Why do I tell you all this? So maybe you'll think of those of us who still talk of our glory days as more than an Al Bundy joke. So maybe those of you with children who will wish to play football can properly council them on what they're getting into. So maybe when you see me out there coaching a new generation of football players you'll understand why I seem so harsh, why all us coaches seem so harsh. And finally, when you see us passionate about it, when you see us give up so much of ourselves for it, you will understand why we have that passion and why we are willing to give up so much.
1 comment:
As parents with kids in organised contact sports, whether it's football or hockey or martial arts, there's another perspective. I guess there are some parents out there who don't appreciate the time and the passion that our coaches put in to teaching our kids these sports, and into teaching our kids how to win and how to lose, hopefully, with grace. But I'm not one of those types of parents, so screw them.

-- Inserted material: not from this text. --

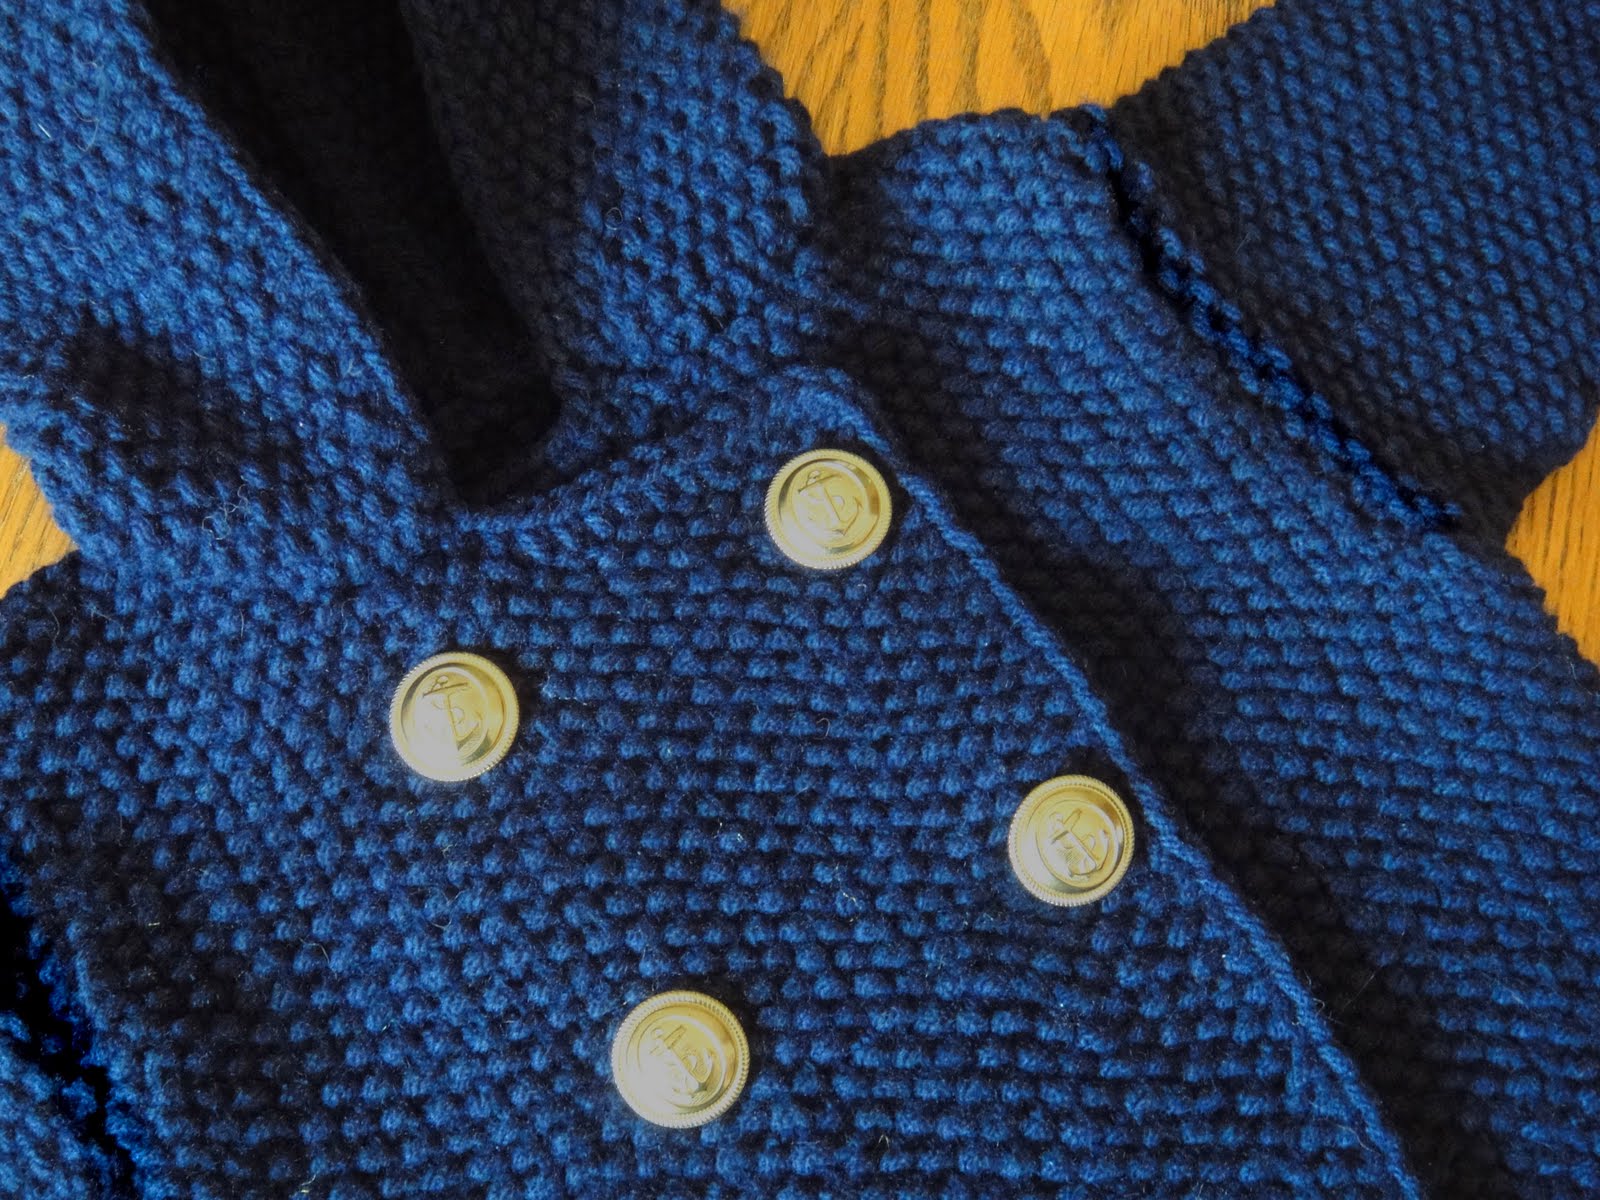 Jacket Knitting Patterns
at Royal Yarns

When we registered our kids in sports, we knew it would be a big commitment. Not just for our kids, but for us. We have given up what little time we had for socialising with other 'grown ups'. We have given up what little time we had for family vacations and camping trips and ski trips and playing cards. When you register your kids in organised sport, you are making a commitment that you will be there to take them to practice, to wash their stinky clothes after each practice, to go to every game where you, like the coaches, scream yourself hoarse, ache when your kid makes a boner mistake, grieve when the team loses, and gloat a bit when they do well. You do this willingly. You might not always be happy about it, but you do it willingly. And if you don't, then you're one of those parents who can go screw themselves.
Football for us is practice at least three days a week and a game once a week. Practices are at least two hours. And this is just for one kid. That means that one of us will be sitting in a field, freezing our arse off (or melting in the August heat, whichever) and getting eaten alive by mosquitoes, while the other parent wrangles Thing 2. Which, granted, is pretty easy, since that means Thing 2 gets hours and hours of unscheduled play time.
So here's an example of a sports parent's schedule:
6:00am - haul arse out of bed. Shower. Maybe.
7:00am - make breakfast (and/or make sure Things have fed themselves), make lunch, clean kitchen (maybe).
8:00am - make sure lunches are packed, make sure schoolbooks are packed. Make sure sports equipment is packed and is all in one spot.
8:30am - see Things off (to school or to sitter)
9:00am - 6:00pm: work
6:30pm - shovel food into Things.
- OR -
Leave work early (make up time later) so you can pick up Things by 5:30 so you can have them fed and at practice by 6.
7:00pm - 9:00pm usually: practice. This will happen at least three times a week. More if you're in more than one sport or if you have more than one Thing.
Once a week, expect to be out of the house for at least two to three hours for a game. More if you're in more than one sport or if you have more than one Thing.
So yes, parents should respect the time, effort, and passion coaches put in to the sport.
But more importantly, parents AND coaches should respect the amount of time, effort, and soul that kids put into sport. And coaches should respect the amount of time, effort, and sacrifice that parents put into sport. For two months this year, my husband and I saw each other for about two hours a day, not including sleeping.